STORED DATA:
════════════════
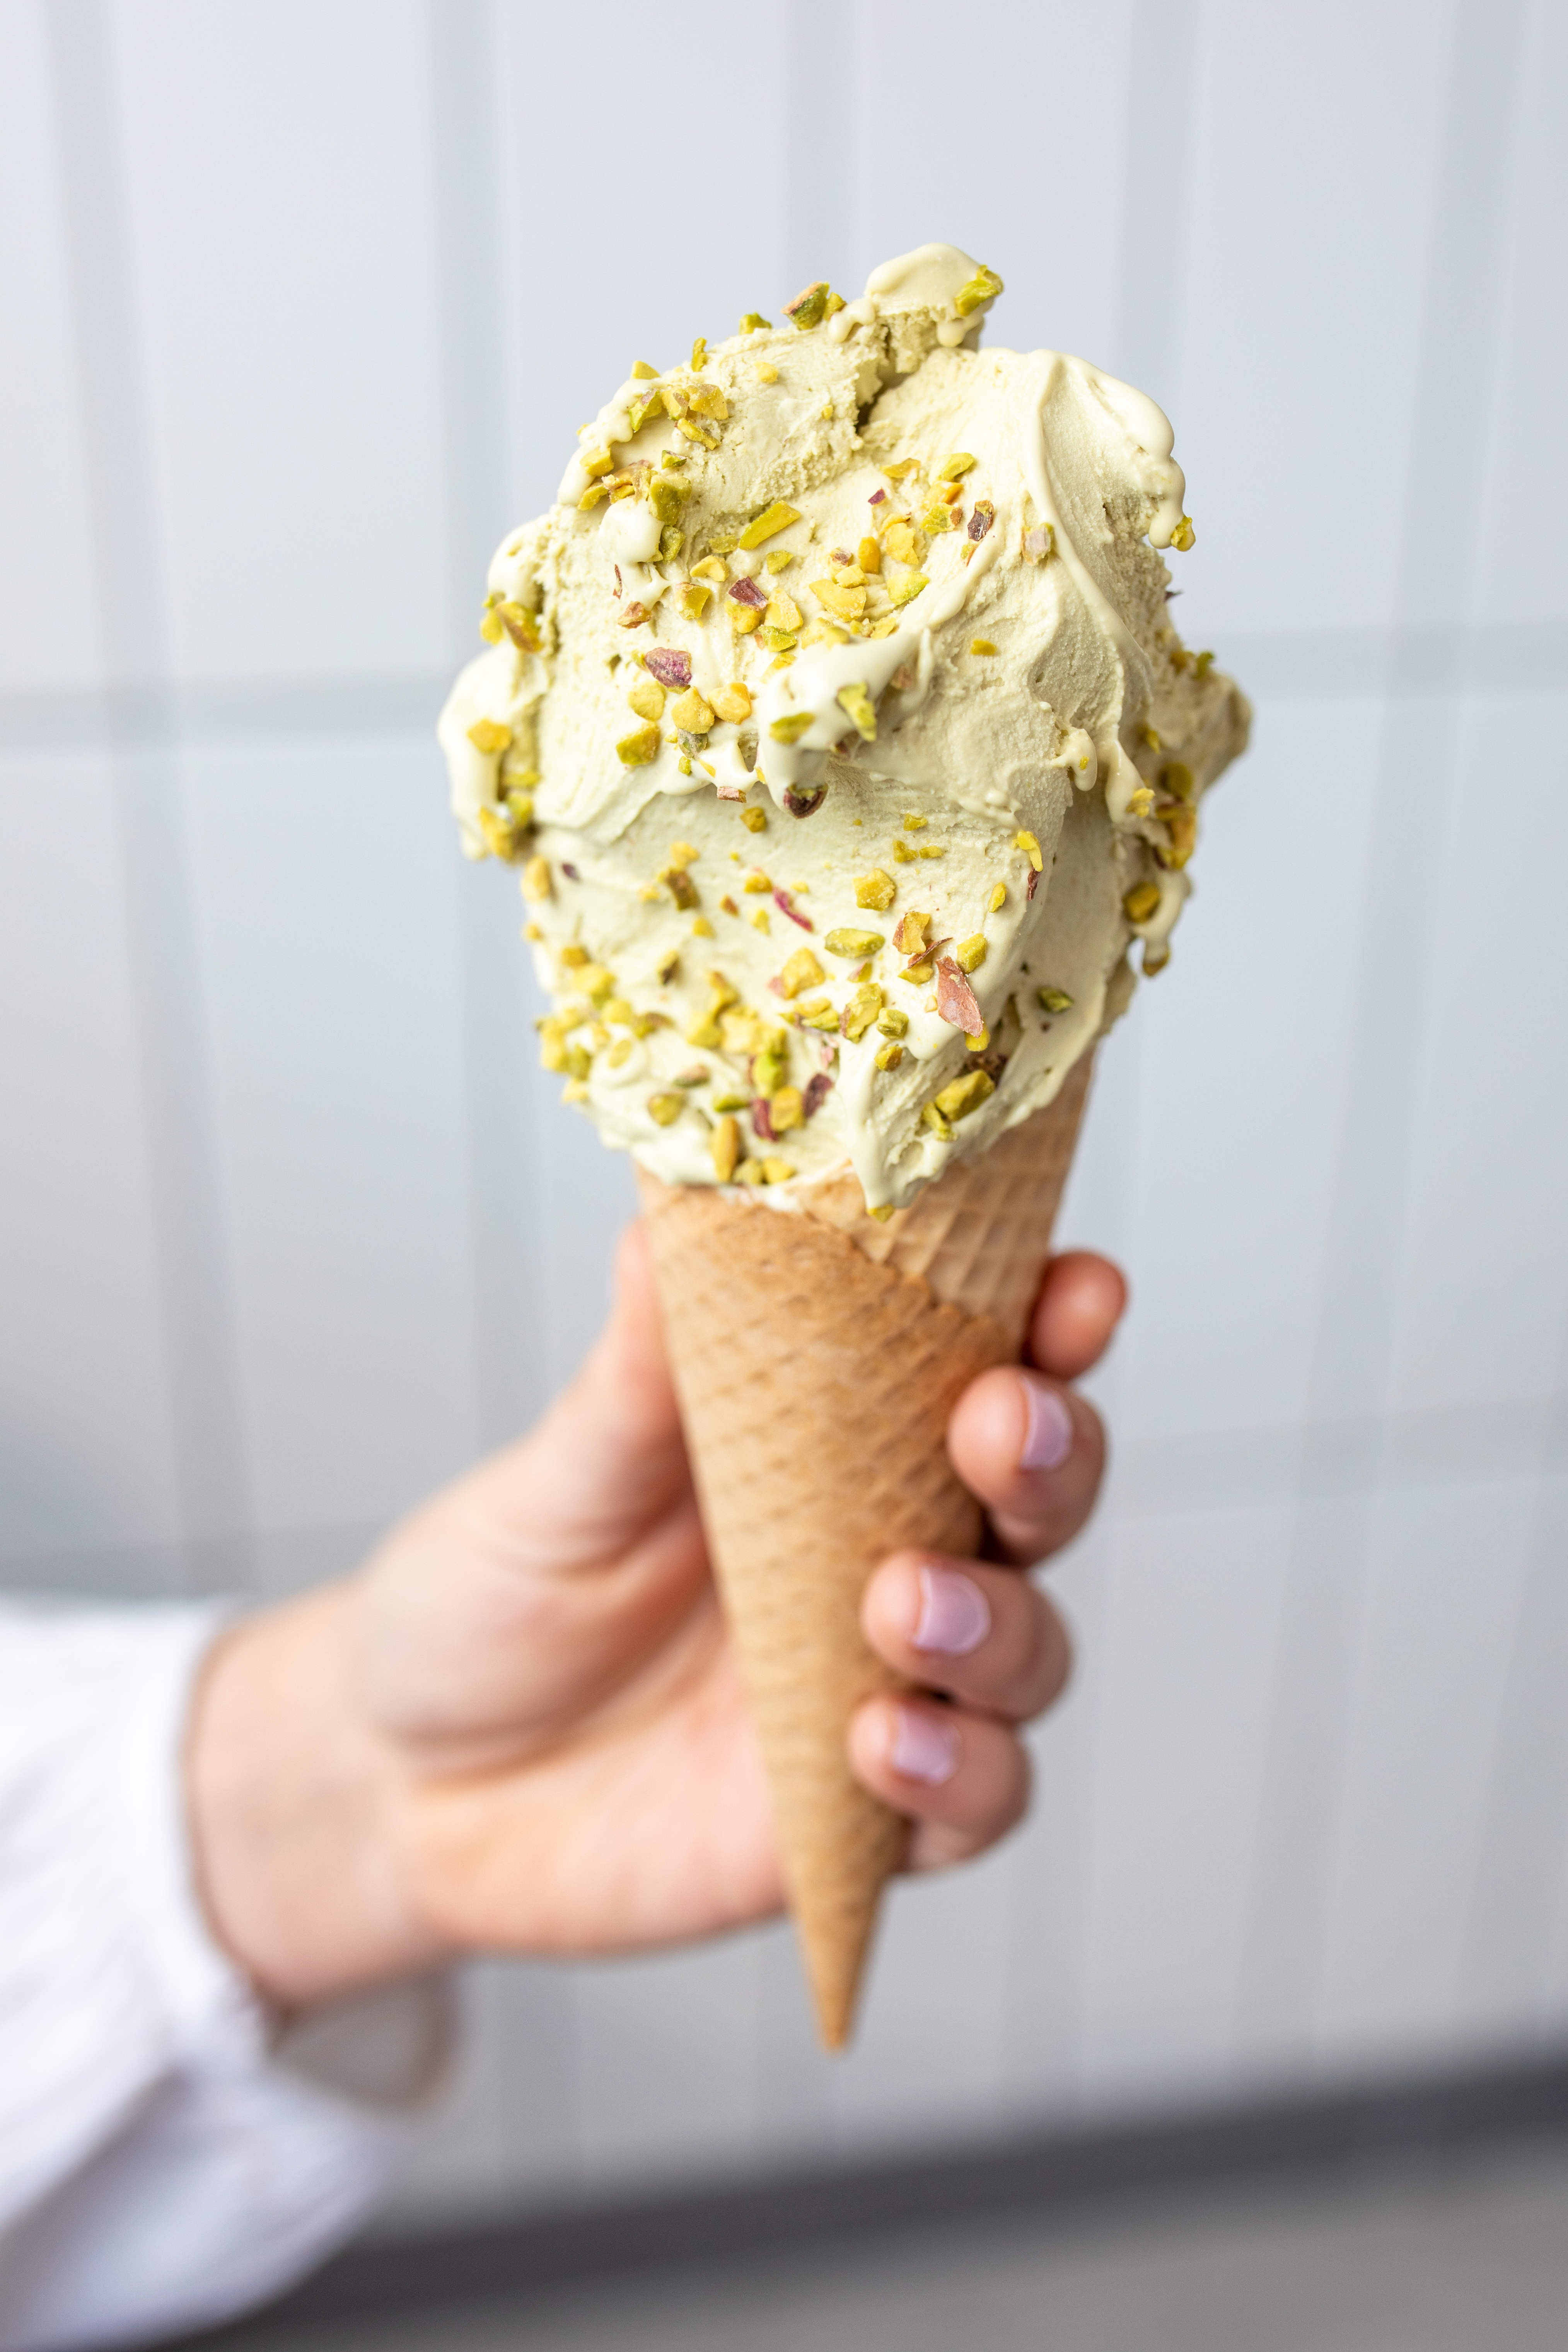 A Ginos Gelato cone with sprinkles on top
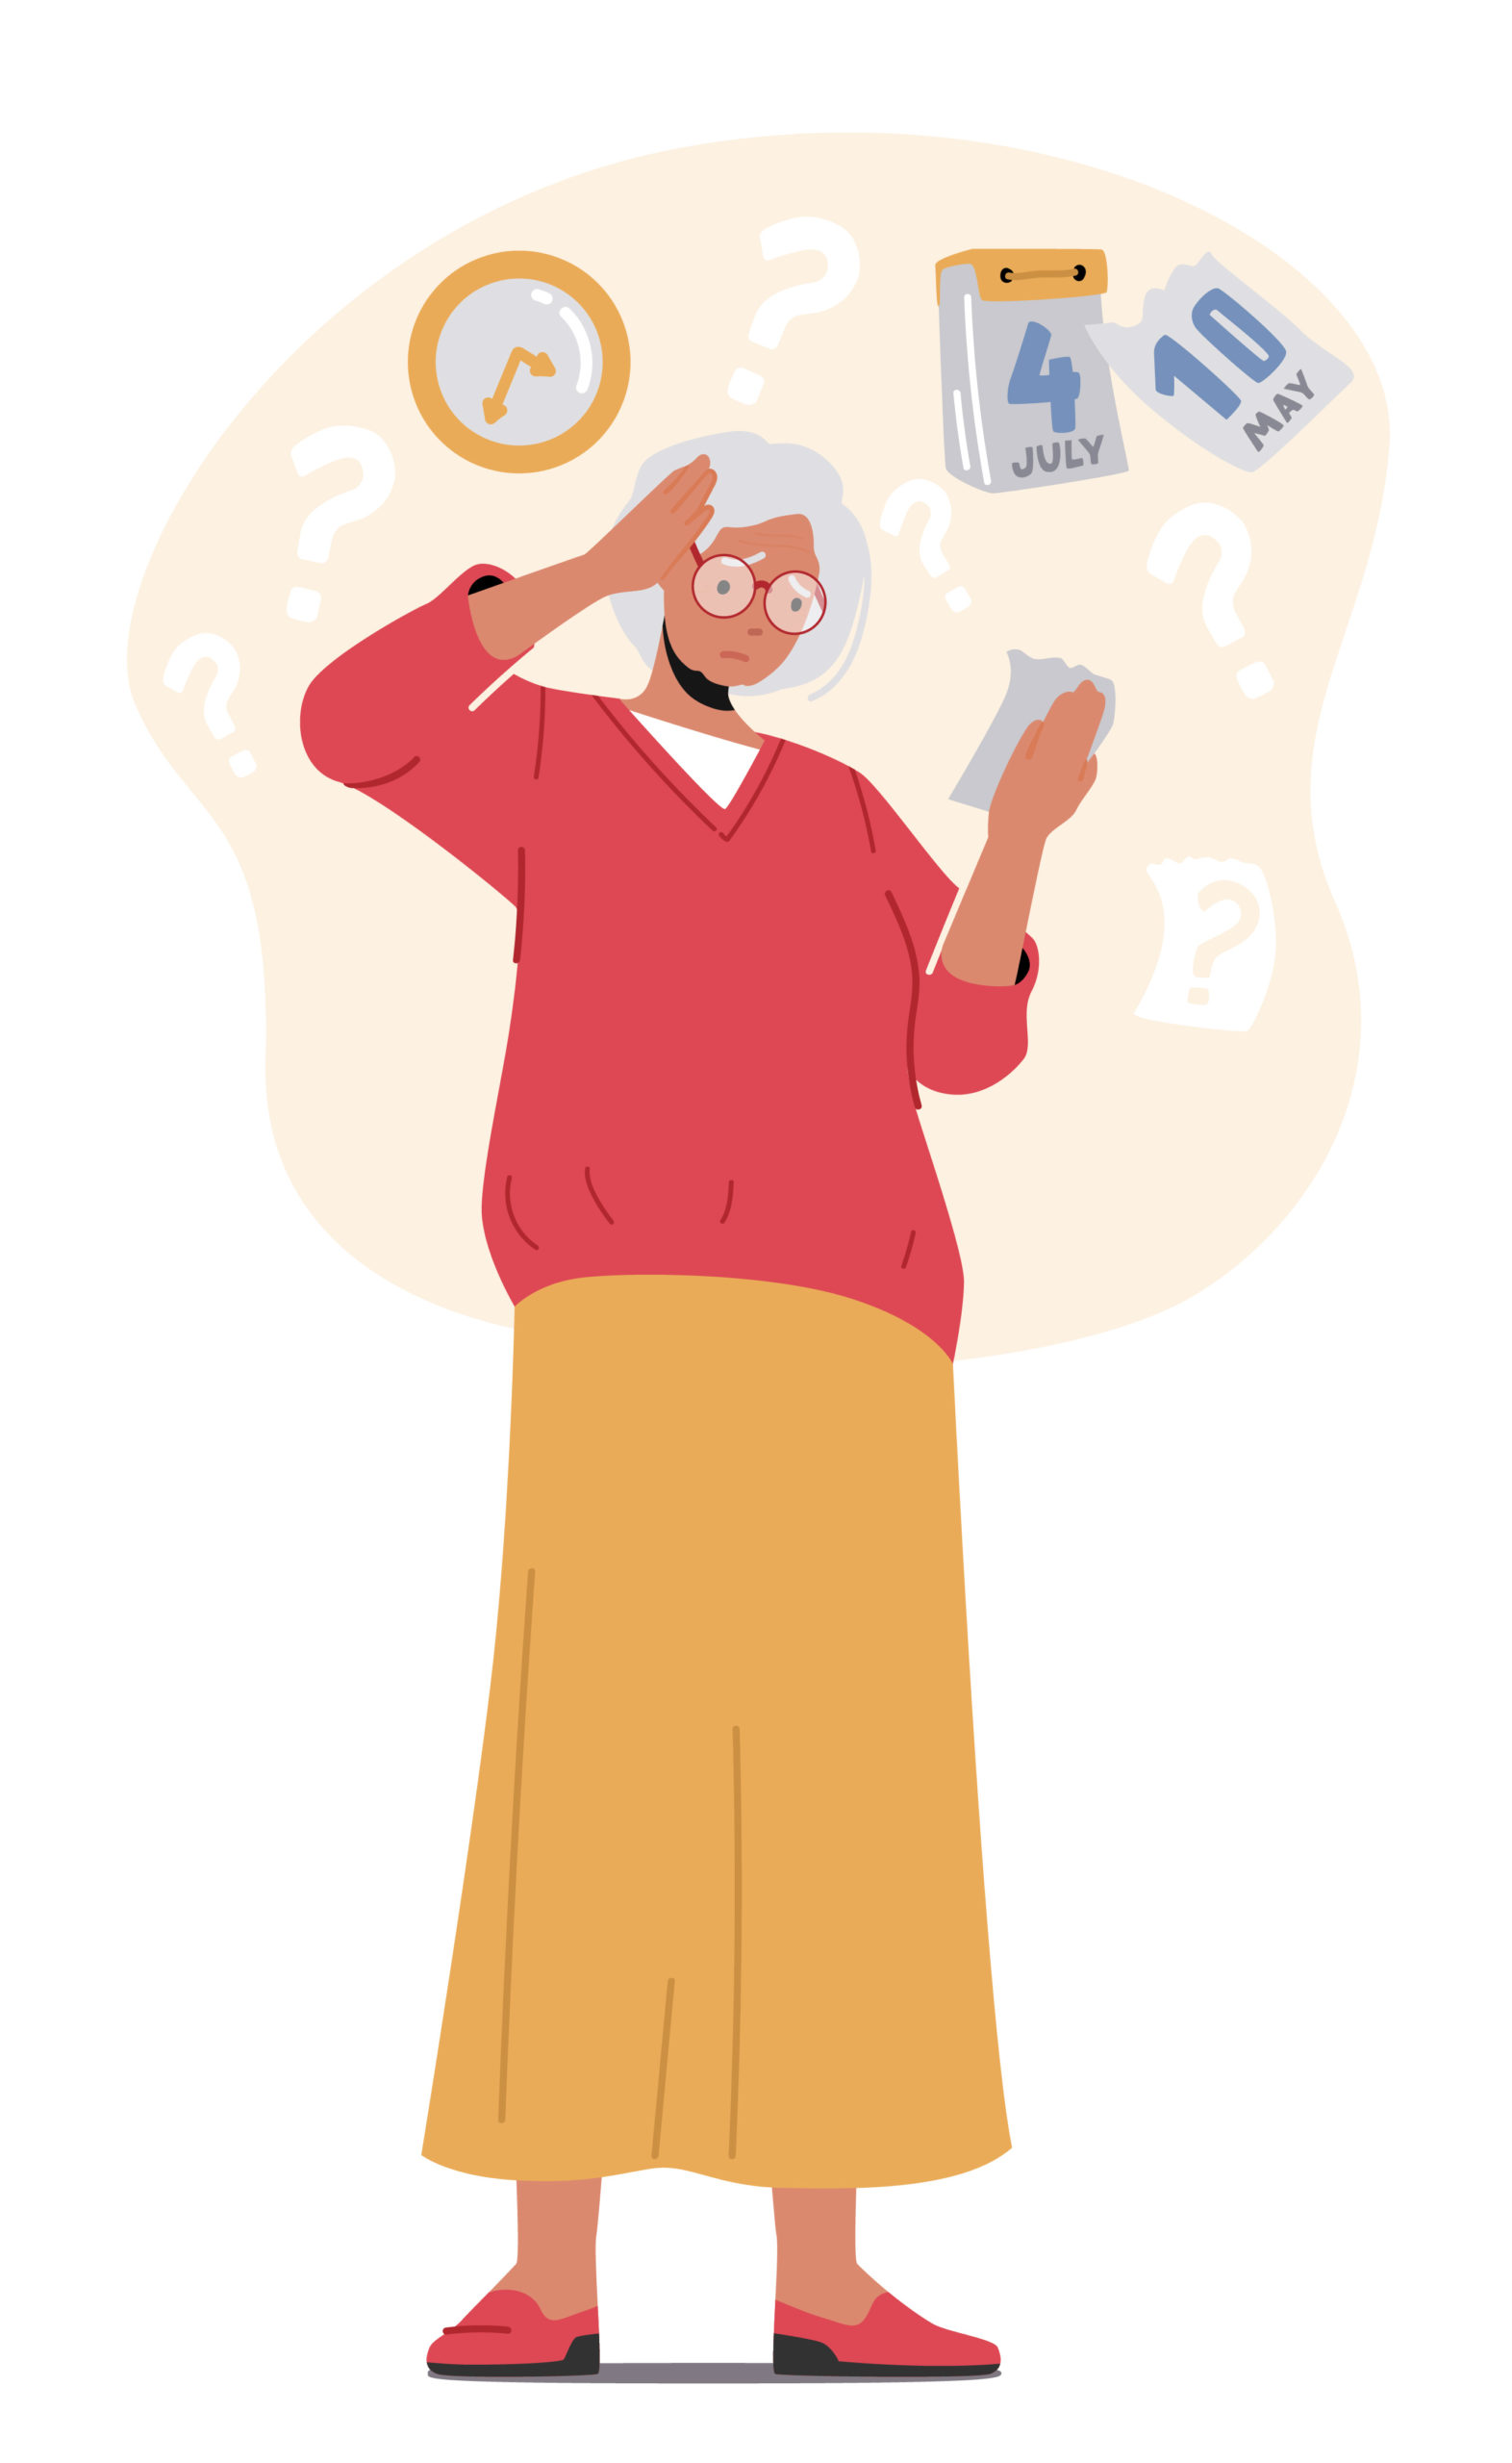 a woman with white hair looking at a piece of paper in her hand who appears confused about time and date
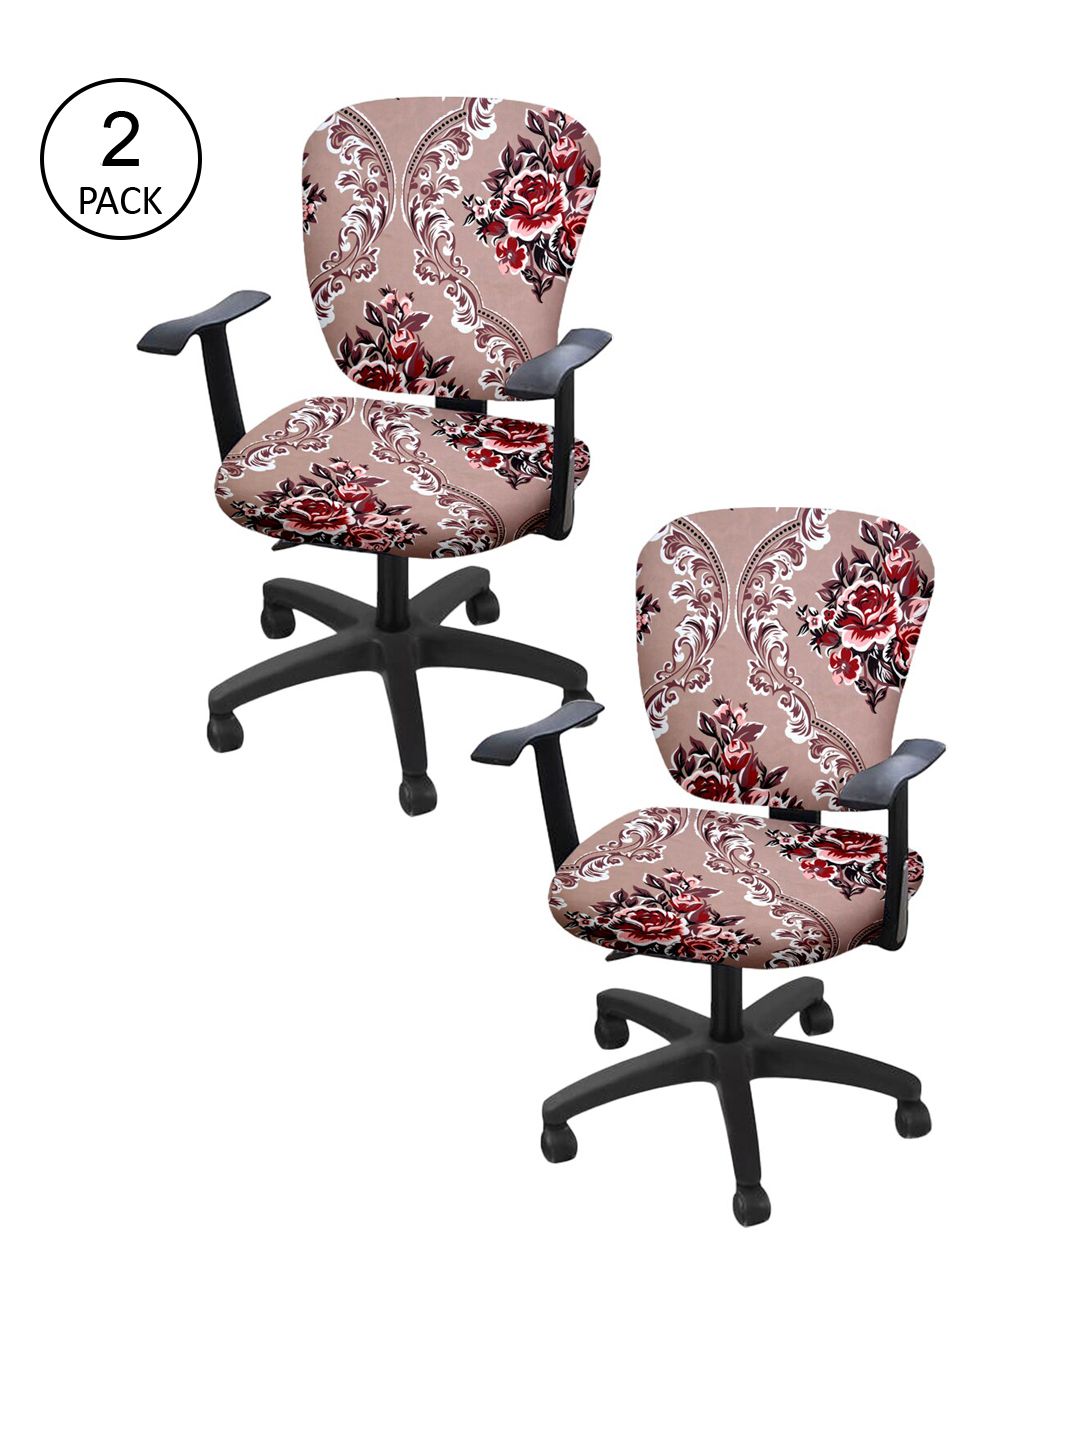 Cortina Set Of 2 Beige & Maroon Floral Print Chair Covers Price in India
════════════════
ASSIGNMENT:
Would you transcribe all of the data exactly, apart from its pictures?

WRITTEN RESPONSE:
 A Ginos Gelato cone with sprinkles on top
 a woman with white hair looking at a piece of paper in her hand who appears confused about time and date
 Cortina Set Of 2 Beige & Maroon Floral Print Chair Covers Price in India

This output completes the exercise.